Dataset content:
____

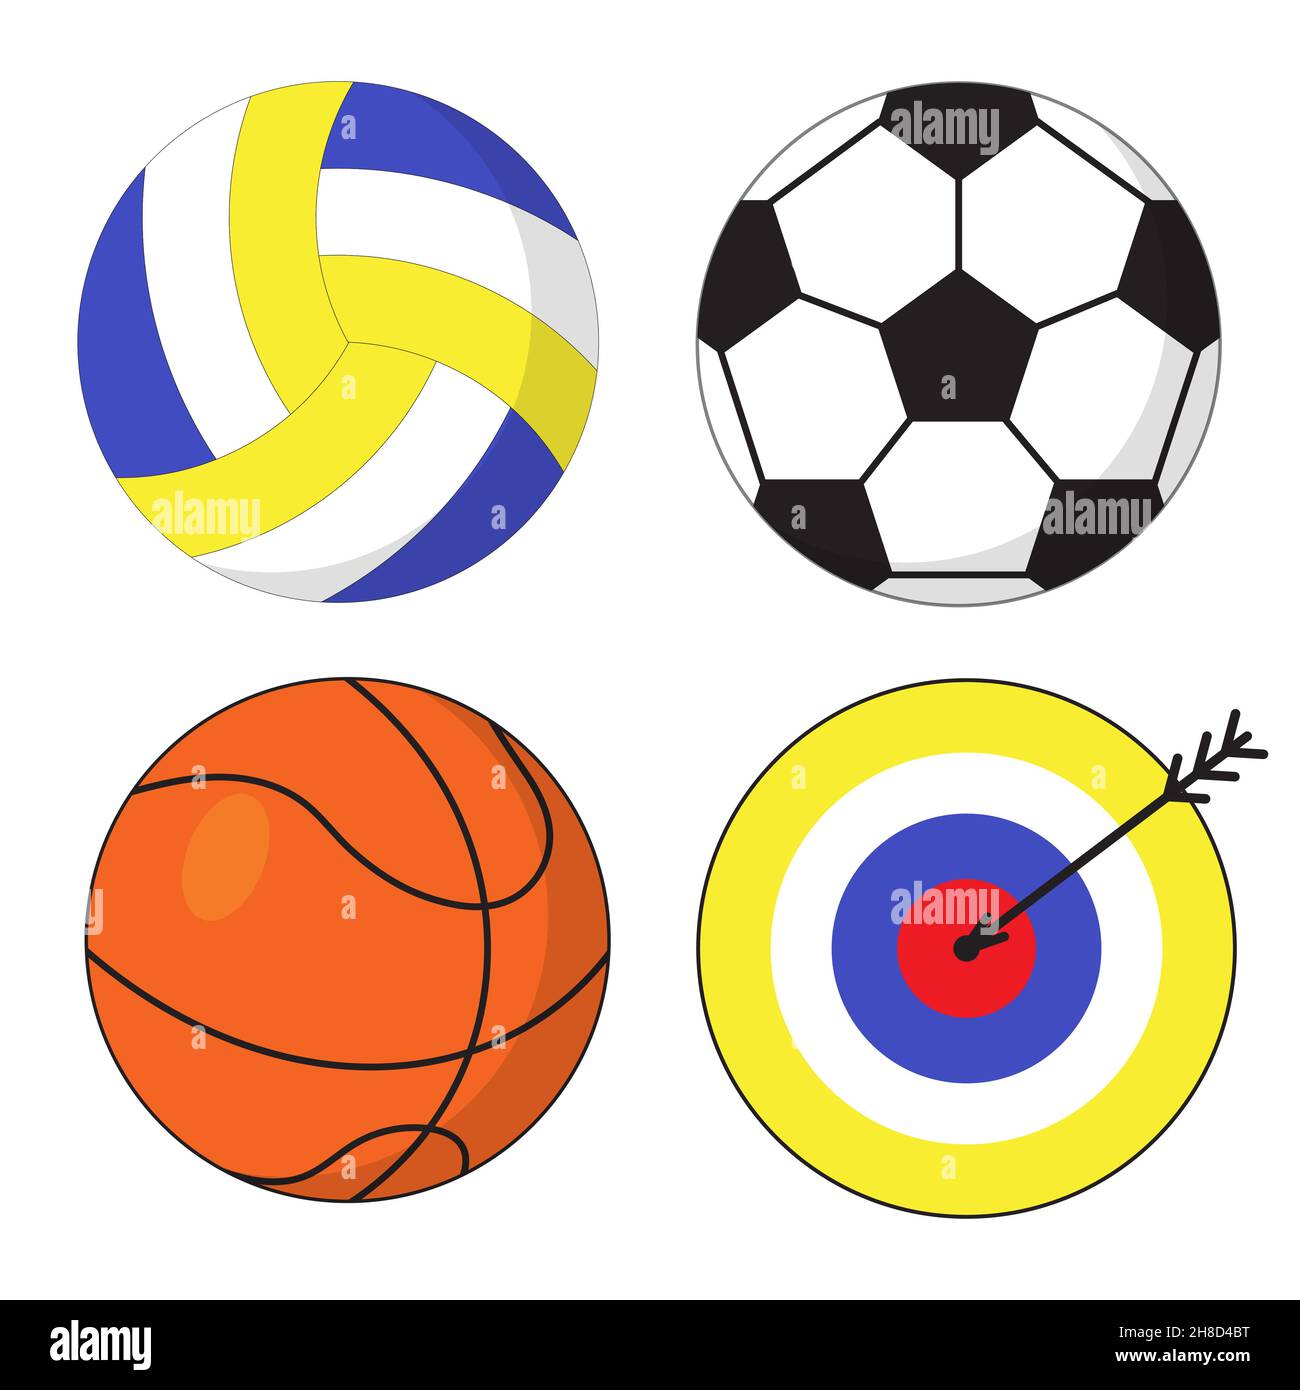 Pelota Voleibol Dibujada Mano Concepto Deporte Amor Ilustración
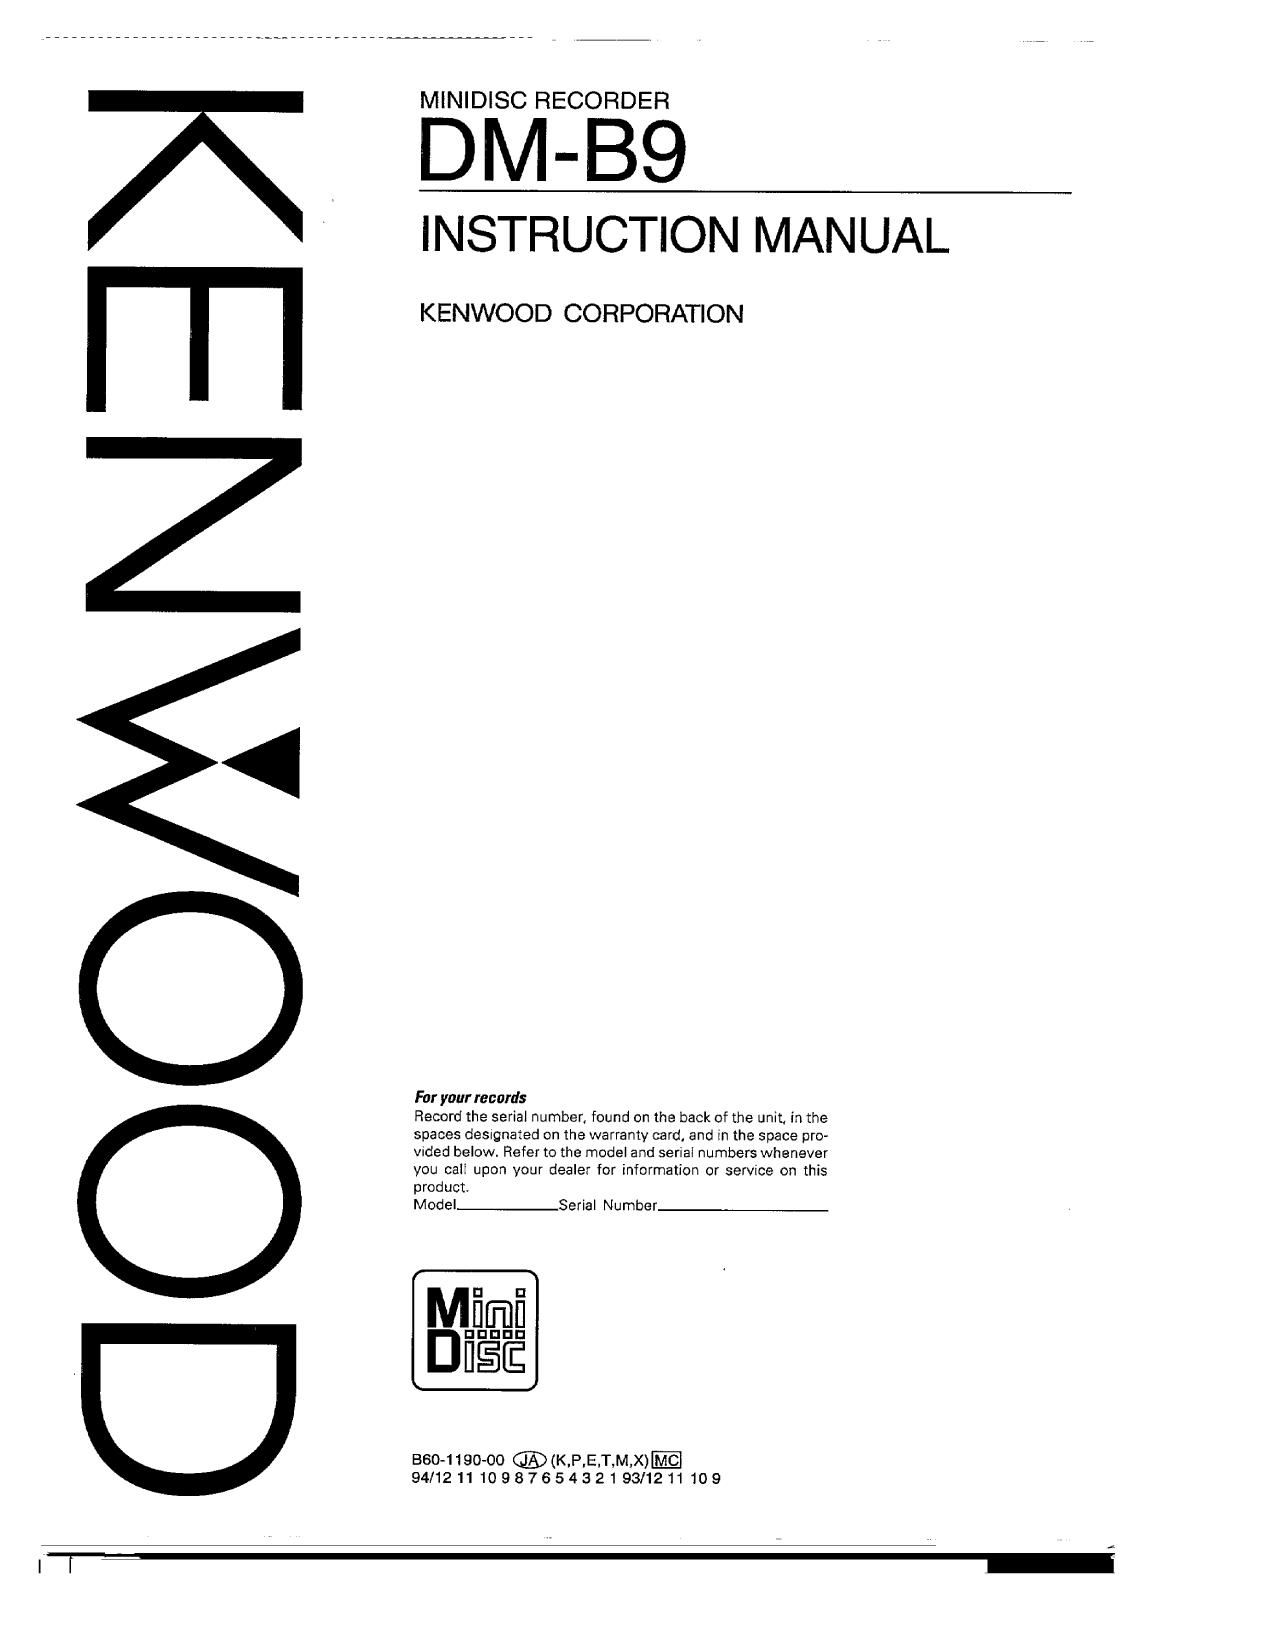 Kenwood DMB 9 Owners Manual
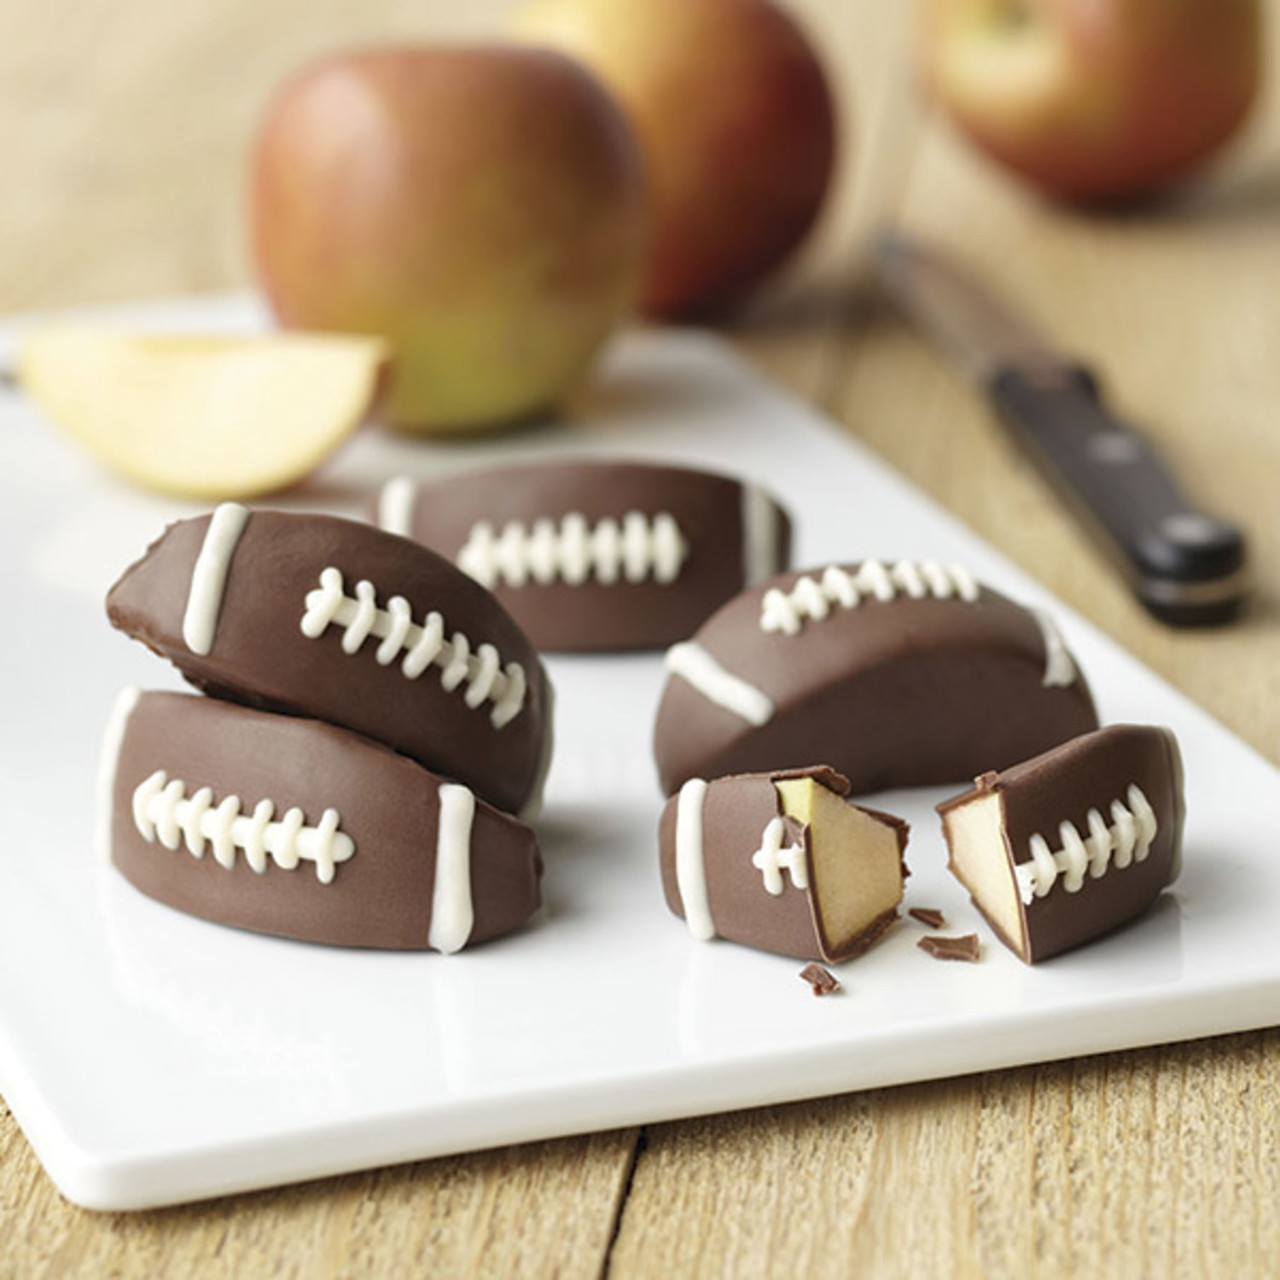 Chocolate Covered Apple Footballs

____

How to complete this task: Reproduce the entire listing exactly, except for any pictures it contains.

Finished task:
 Pelota Voleibol Dibujada Mano Concepto Deporte Amor Ilustración
 Kenwood DMB 9 Owners Manual
 Chocolate Covered Apple Footballs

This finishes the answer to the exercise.